Blanche recoiled, unable to read his mood. ‘Don’t raise your voice to me.’
‘Answer me! How long has the girl been held here?’
‘Several weeks,’ she said, holding her voice steady. ‘I own, it is taking longer than I anticipated. I have soldiers patrolling the local villages, as far away as Chalabre, searching for strangers in the district. In Puivert itself, there are several whose tongues I have bought. When she comes, I shall know it.’ She stared at him, her black eyes glinting. ‘And Minou Joubert will come for her sister. That I know too.’

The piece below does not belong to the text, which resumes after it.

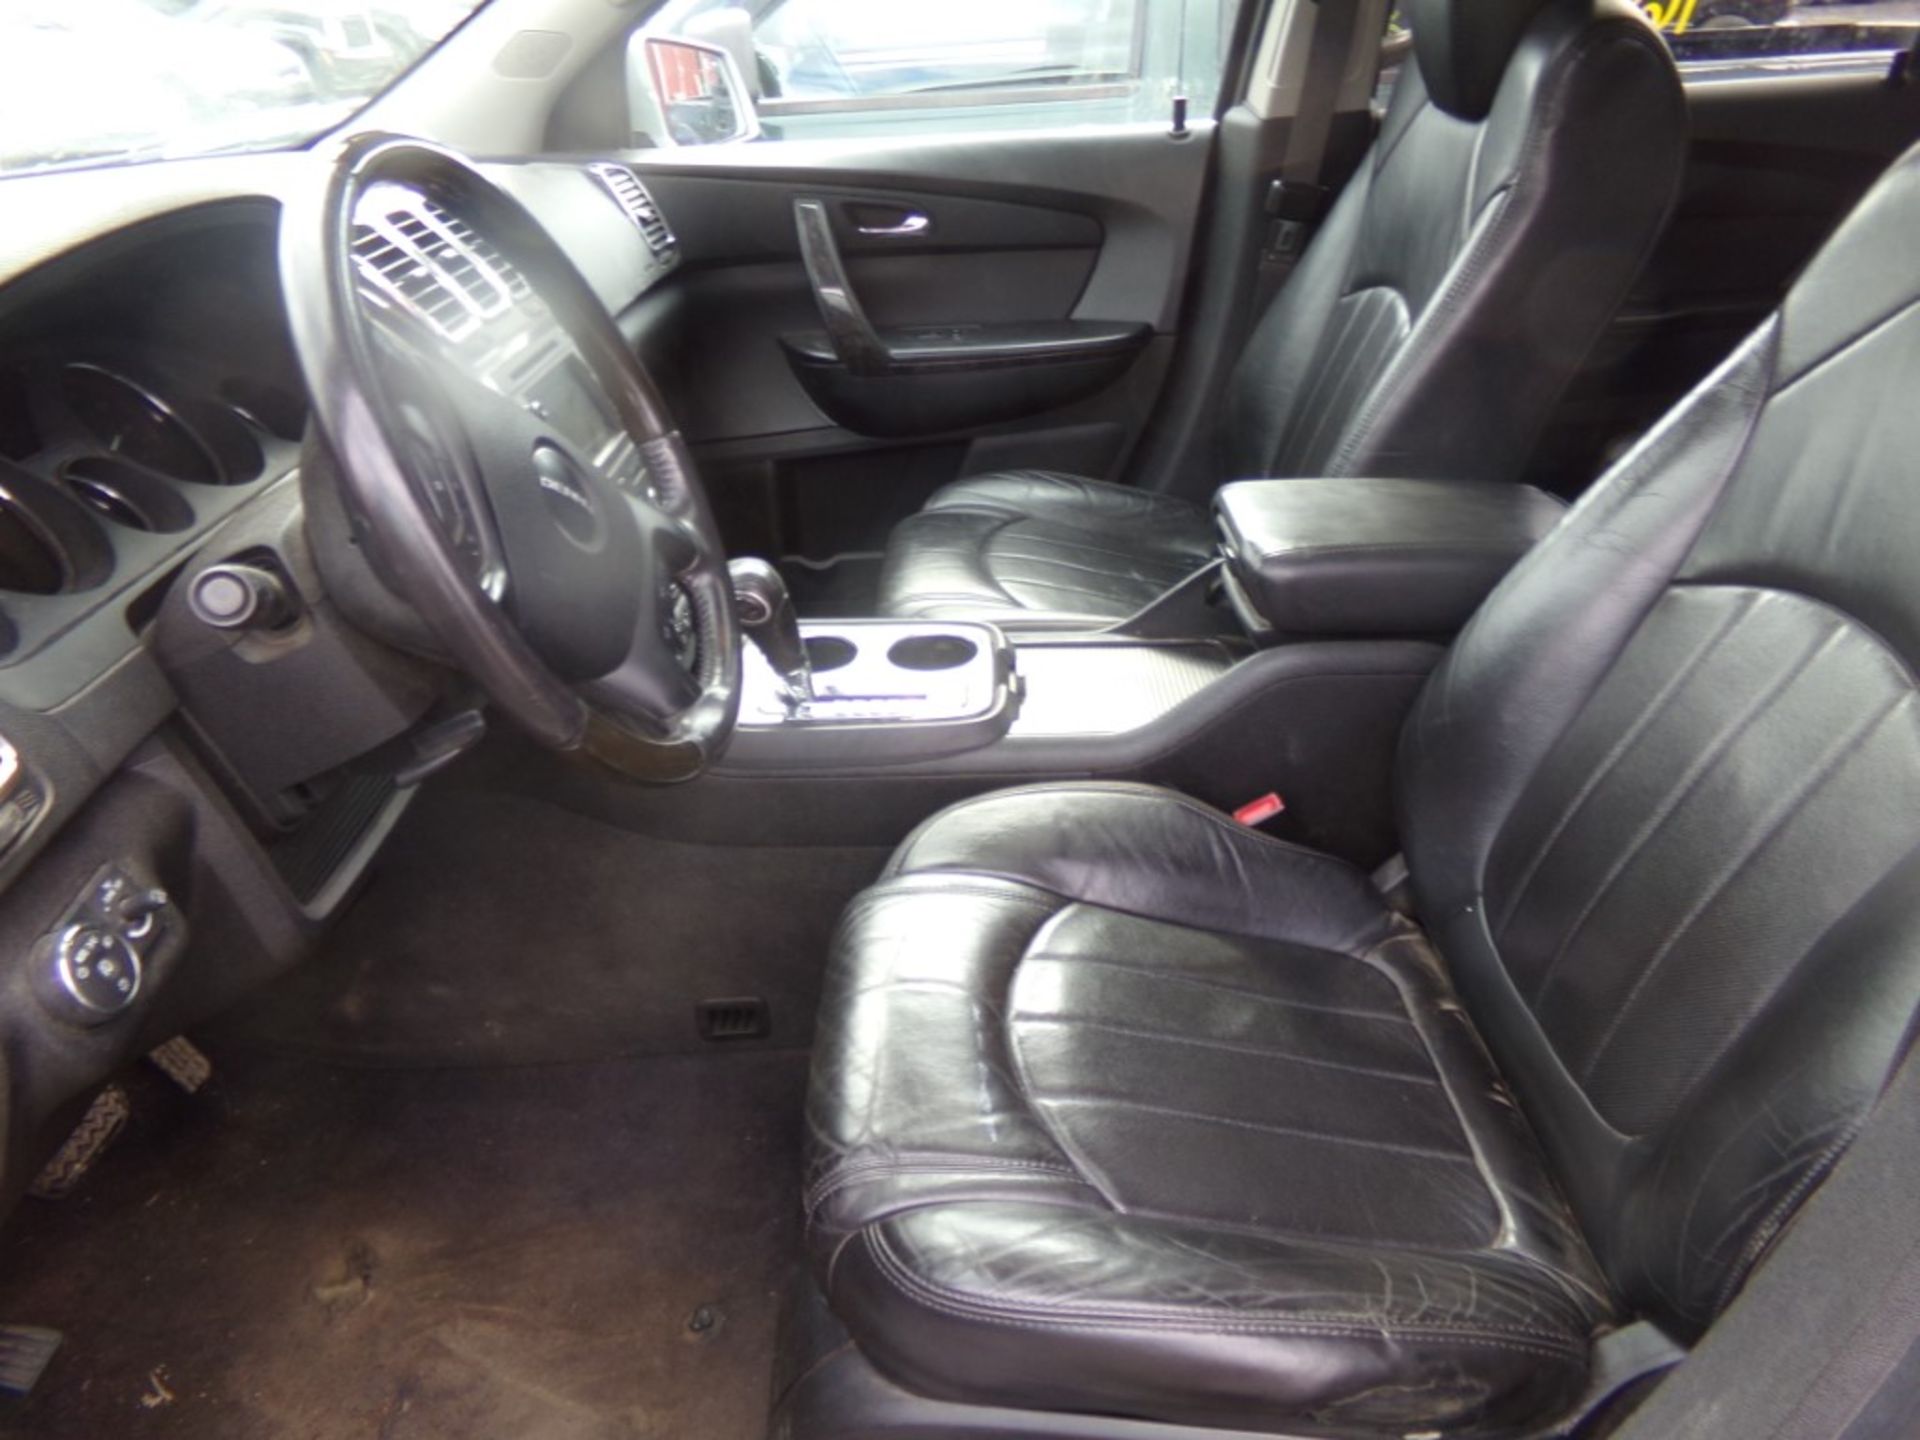 2012 GMC Acadia Denali, Auto, Leather, Sunroof, Navigation, AWD, 3rd Row Seating, Back-Up Camera, - Image 5 of 8

The air seemed to crack between them. The flames from the candles sent elongated shadows dancing across the vaulted ceiling, and glinted on the crucifix in the middle of the altar.
Suddenly, Vidal was striding towards her and, despite herself, Blanche’s hand went to her belly. She took a step back. Then she felt his hand on the back of her neck and his mouth greedy on her lips.
‘You are magnificent,’ he said, breaking away. ‘If Minou Joubert is alive, she will come to Puivert. And she will bring the Shroud with her. Reydon will follow and, this time, there will be no mistakes. In the meantime, I will speak to the child. She might have more to tell.’
‘So, you are pleased with me, my lord? There is no penance to be made?’
‘None,’ he murmured, easing her chemise from her shoulders. ‘We will absolve one another of our sins.’